Ferenc Szisz won de Franse Grand Prix van 1906, maar het jaar erop moest hij zijn meerdere erkennen in Felice Nazzaro

AIACR en AAA

Vroeger bestonden de technische reglementen uit niets meer dan een minimumgewicht en een limiet op de motorinhoud. De Association Internationale des Automobile Clubs Reconnus (AIACR), de voorloper van de FIA, stelde voor 1920 voor dat auto's tenminste 800kg moesten wegen en de motorinhoud niet groter mocht zijn dan 3 liter. De AAA, als het ware de Amerikaanse ANWB die over de reglementen van onder andere de Indianapolis 500 ging, nam deze regels over en zo ontstond er voor het eerst een samenwerking tussen twee grote autosportbonden. De AIACR ging in 1922 echter over op auto's van minimaal 650kg met een motor van maximaal 2 liter, terwijl de AAA de technische reglementen niet veranderde. Waar het voor de Eerste Wereldoorlog vooral ging om het pushen van innovatie, stond vanaf de jaren 20 het racen zelf centraal.

Giulio Masetti zegevierde in de Targa Florio van 1921

Eerste kampioenschappen

De AIACR richtte in 1925 het allereerste wereldkampioenschap in de autosport op: het World Manufacturers' Championship, bestaande uit de Indianapolis 500 en Grands Prix in België op Spa-Francorchamps, in Frankrijk op Linas-Montlhéry, in Italië op Monza, in Groot-Brittannië op Brooklands, en in Spanje op Lasarte. Alfa Romeo, Bugatti en Delage sleepten de titels binnen tot en met 1927, voordat de AIACR genoodzaakt was races van het wereldkampioenschap te cancelen vanwege de financiële crisis en de opkomende populariteit van sportscar- en toerwagenraces.

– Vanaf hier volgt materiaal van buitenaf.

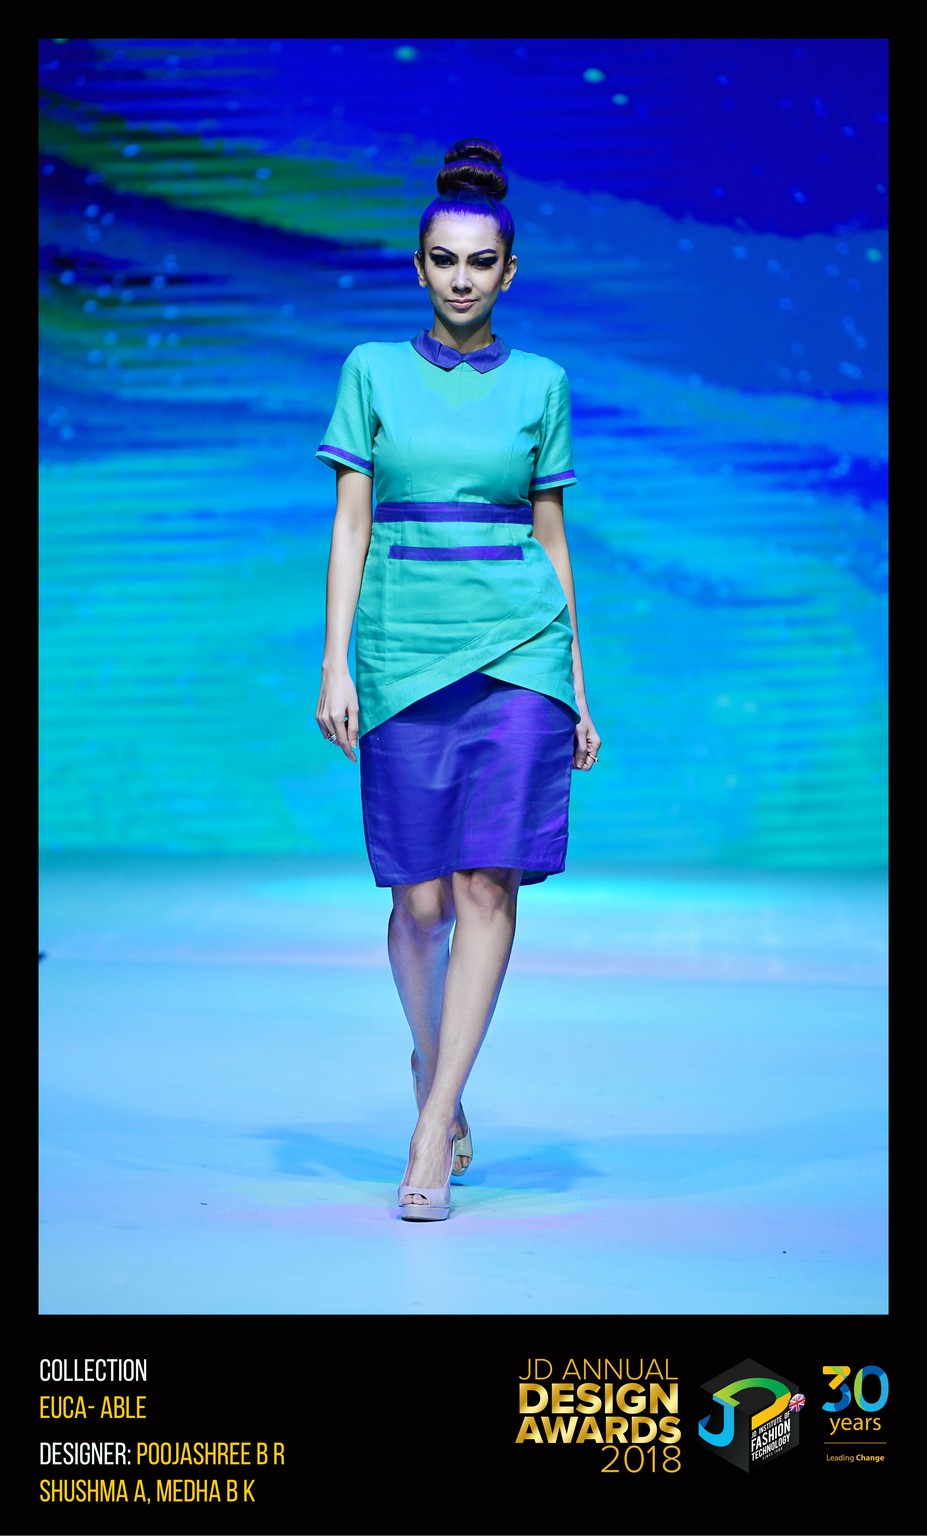 Euca-able – Change – JD Annual Design Awards 2018 | Designer: Poojashree, Sushma and Medha | Photography : Jerin Nath (@jerin_nath) euca-able – change – jd annual design awards 2018 - EUCA ABLE 1 - Euca-able – Change – JD Annual Design Awards 2018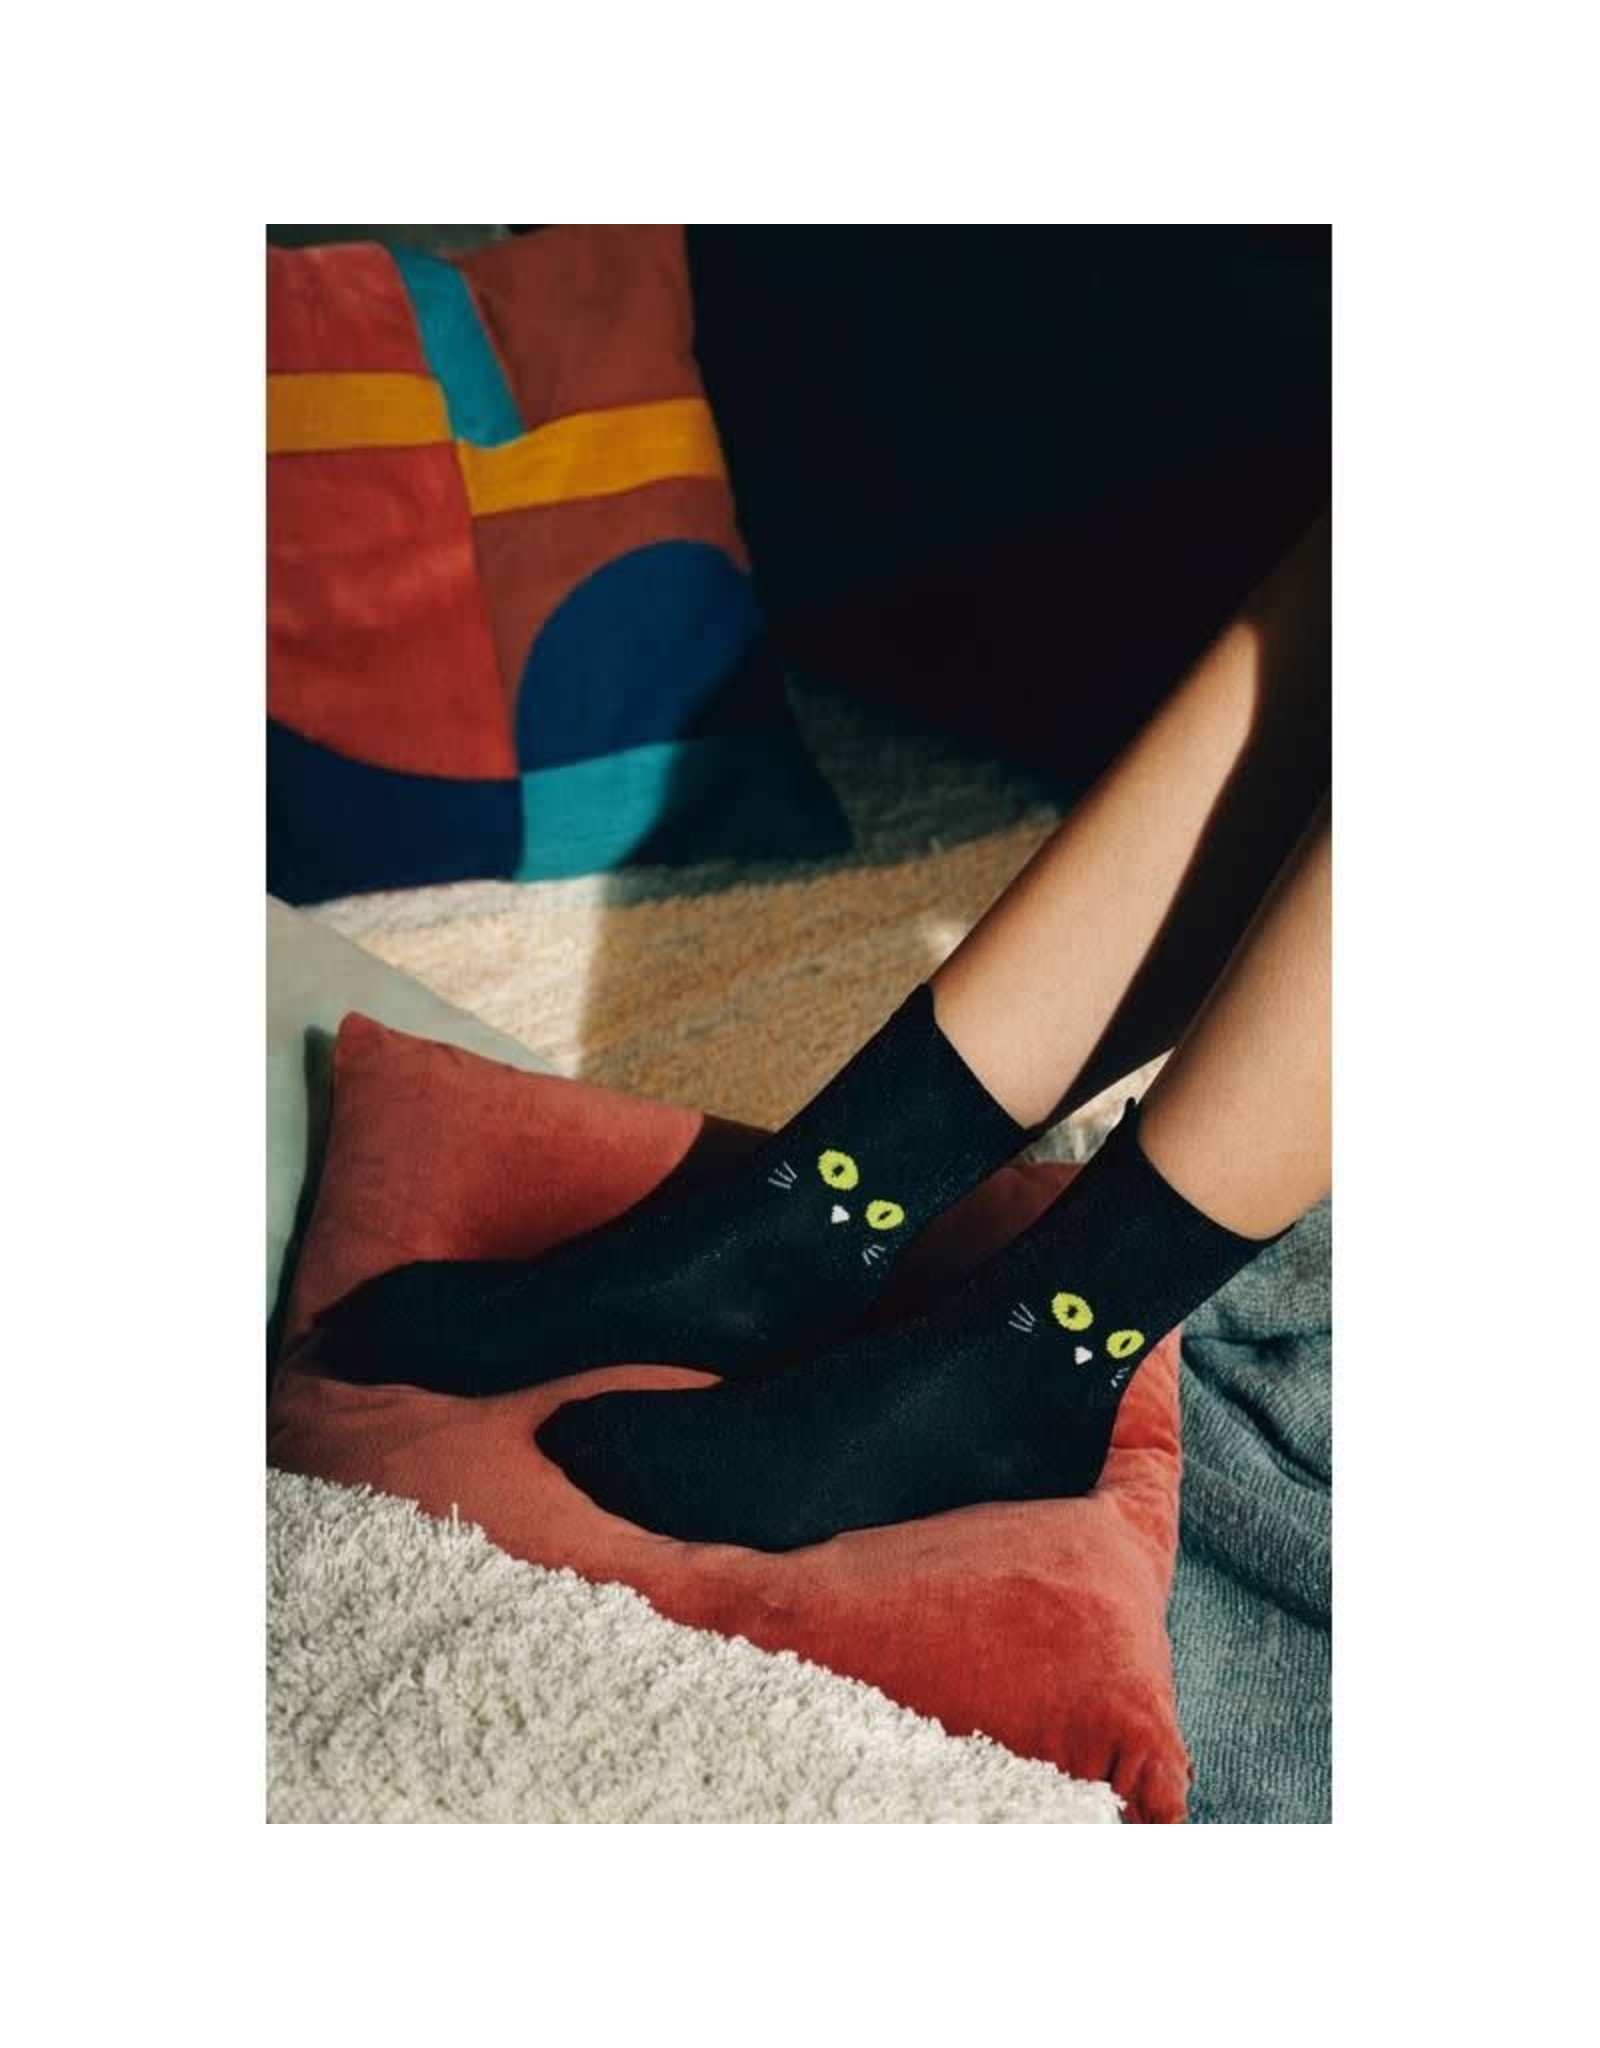 socks with cat design

Na een aantal seizoenen met opnieuw allerlei Grands Prix zonder enige puntenstand, introduceerde de AIACR voor 1931 het Europees kampioenschap voor coureurs. Ook de technische innovatie begon weer op gang te komen, omdat er eigenlijk geen reglementen waren, en dus zagen we de gloednieuwe 8C 2300 van Alfa Romeo, de Type 51 van Bugatti en de Tipo 26M van Maserati. De winnaar van een Grand Épreuve - de benaming voor een belangrijke Grand Prix die meetelde voor het Europese kampioenschap - kreeg één punt, degene die tweede finishte twee punten, enzovoort, dus degene met de minste punten werd uitgeroepen tot kampioen. Alfa Corse-teamgenoten Ferdinando Minoia en Giuseppe Campari scoorden op Monza, Linas-Montlhéry en Spa-Francorchamps even weinig punten, maar omdat Minoia in totaal meer kilometers had afgelegd in de races die ieder tien uur duurden, werd hij kampioen. Tazio Nuvolari verdiende de titel van 1932.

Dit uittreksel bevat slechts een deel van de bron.